The requirements for accurate synchronisation of application clocks against real wallclock time are becoming ever more demanding. Increasingly cloud providers are exposing precision clock devices to virtual machines to allow the guest operating systems to synchronise their clocks.

Time on modern systems is typically derived from a CPU-internal counter (TSC, timebase, arch counter) which runs at a nominally constant frequency of typically between 1GHz and 4GHz. In practice, the frequency of the underlying hardware counter will vary with environmental conditions, with a tolerance of the order of ±50PPM (parts per million). It is this variance which must constantly be corrected by synchronising against an external clock.

Synchronisation against an external clock typically works by reading the CPU counter, then reading the external clock, and finally reading the CPU counter again — then assuming that the external clock reading was concurrent with a point in time between the two CPU counter readings to give a pair of { CPU counter, real time } values. Successive such readings are used to calibrate the precise rate at which the CPU counter is running, in order to use it for precision timekeeping.

When applied at scale to virtual machines, there are a number of problems with this approach. Firstly, where virtual CPUs are overcommitted across a smaller number of physical CPUs in a host, guests experience “steal time” — time when their vCPU is not actually running. That steal time is unpredictable and can occur in the critical period between one read of the CPU counter and the next, affecting the precision of the estimated reading.

A remedy for this issue is to repeat the reading a number of times, and to use the result where the latency between first and last CPU counter reading is the lowest. This exacerbates the second problem, that a large number of separate guest operating systems on the same host are now repeating the same work of calibrating the same underlying hardware oscillator.

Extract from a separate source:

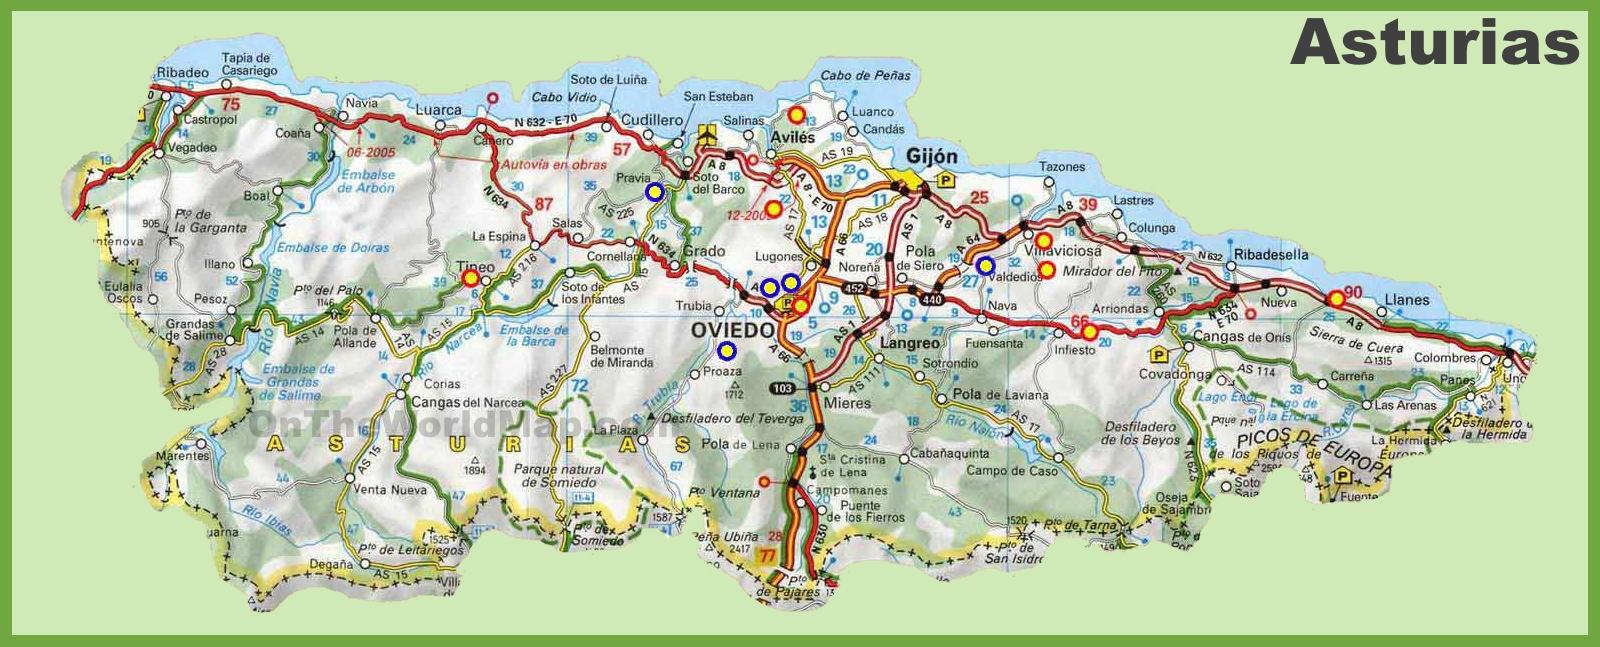 Asturias road map

The third major problem of guest-calibrated time is Live Migration, in which a guest is transparently moved from one host to another for maintenance reasons. When this happens, the guest can experience a step change in both the frequency and the value of the CPU counter. The frequency because the migrated guest is now using a different underlying counter, and the value because correctly setting the counter value seen by the guest is dependent on the time synchronisation of each hypervisor host. After a Live Migration, a guest’s clock should be considered inaccurate until it has been resynchronised from scratch. Failure to do so can lead to data corruption, in cases where database coherency depends on accurately timestamped transactions.

The VMClock device#

The VMClock device resolves the above issues by allowing the hypervisor to synchronise the hardware clock against external time, and simply present the results to each guest in a shared memory region in the form of a formula for converting the CPU counter into real time. This allows guests to have precision timestamps even immediately after a Live Migration event, and with no need to provide further clock devices to the guest or for guests to spend their own CPU time on calibration.

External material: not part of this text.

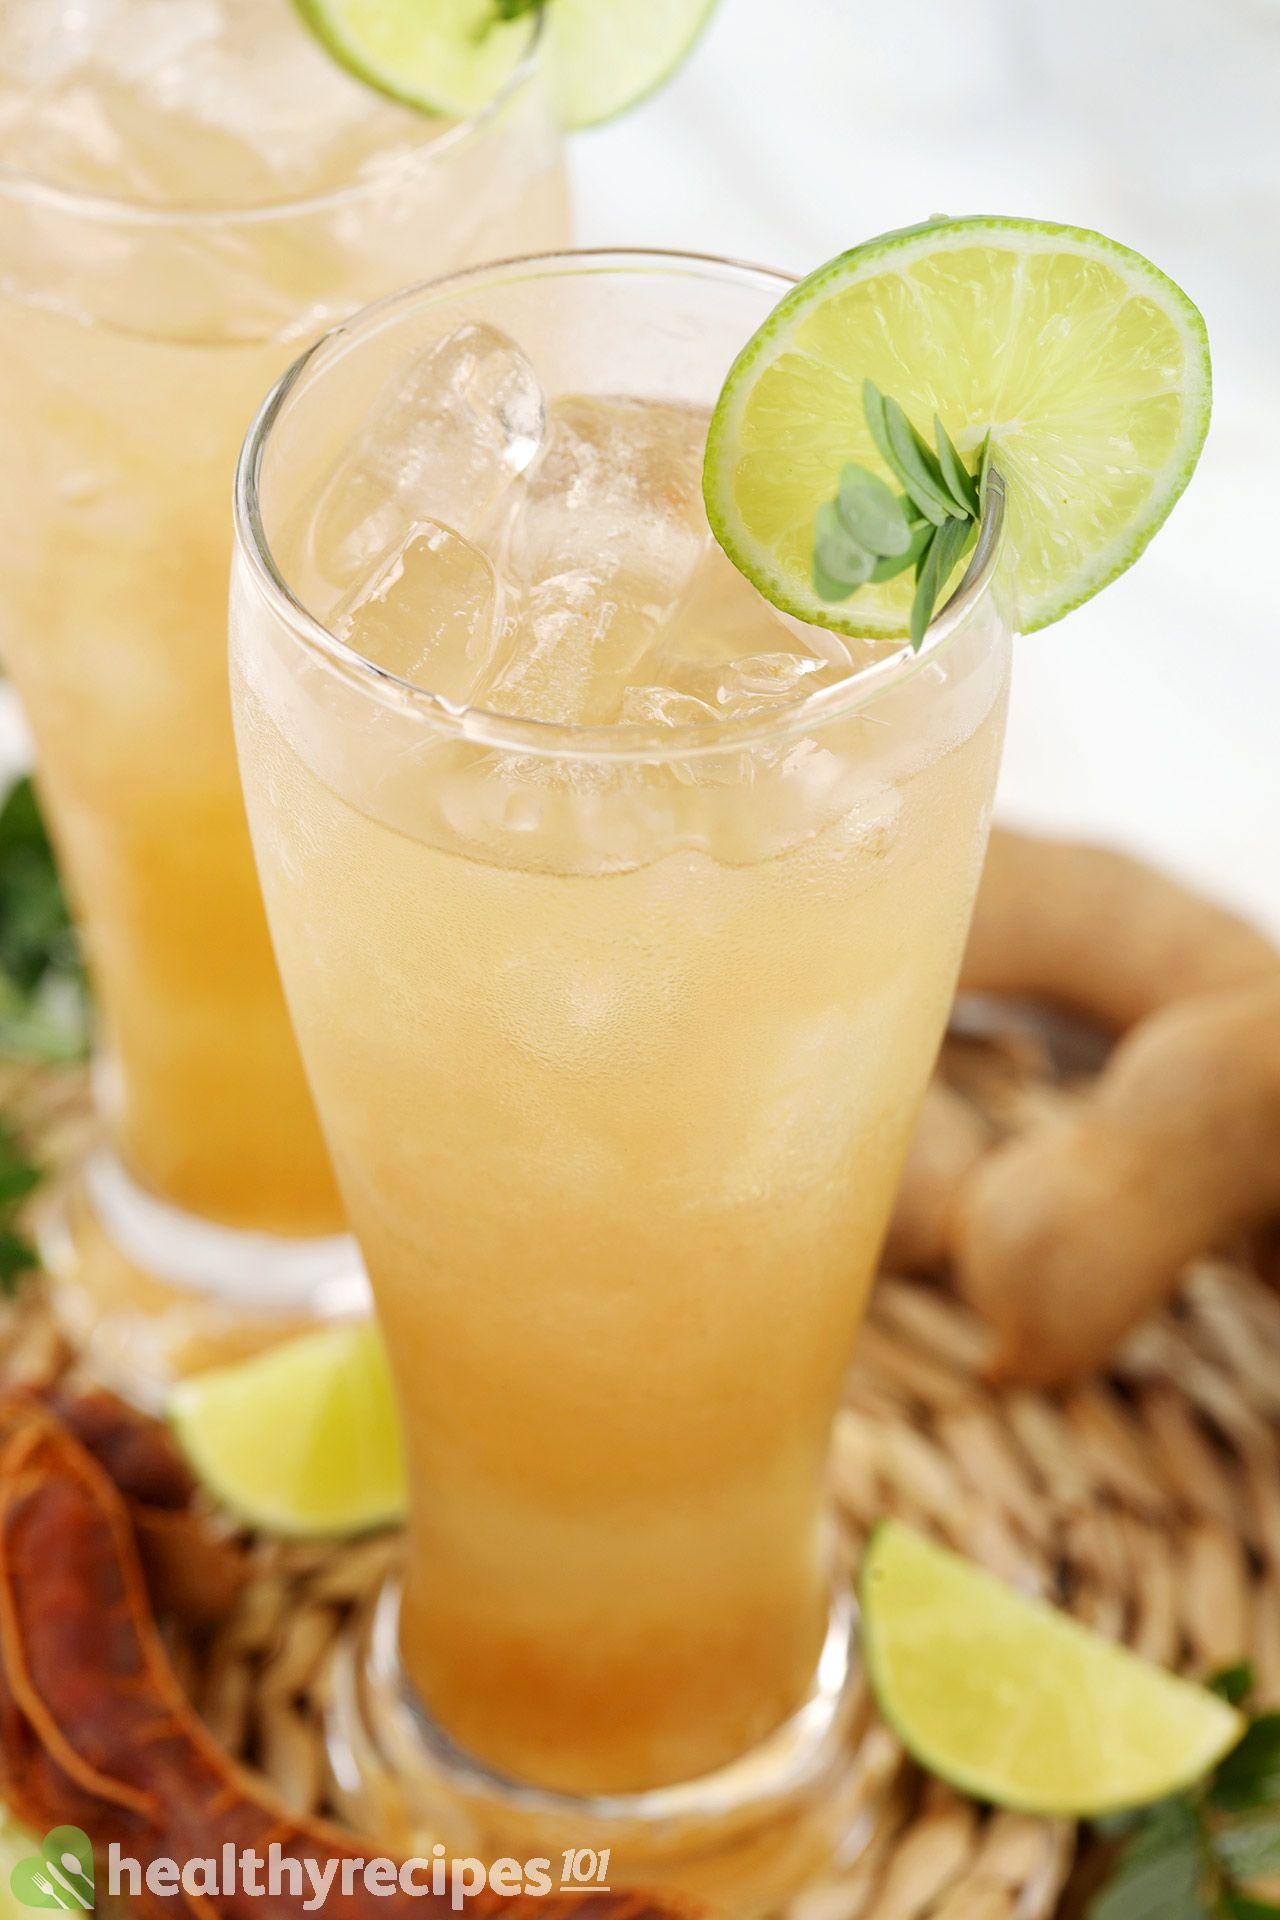 homemade tamarind juice recipe

For guests which do perform their own additional refinement of the clock via NTP or other means, a disruption signal is provided which allows them to discard any such refinement after Live Migration, and start again with the data from the new hypervisor host.

The vmclock_abi structure#

The hypervisor provides a structure in shared memory which is readable by the guest, and advertises it via either ACPI or device-tree devices as described below. Where possible, these fields and their values are aligned with the definitions in the virtio-rtc standard. As with virtio, all fields are stored in little-endian form.

The fields up to and including time_type are constant and shall not change during the lifetime of the device. The subsequent fields may be updated dynamically, using seq_count as a synchronisation mechanism as follows:

  1. Increase seq_count to an odd value.
  2. Update the remaining fields in the structure.
  3. Increase seq_count again to an even value.
  4. If VMCLOCK_FLAG_NOTIFICATION_PRESENT is set in the flags field, raise an interrupt or ACPI notification.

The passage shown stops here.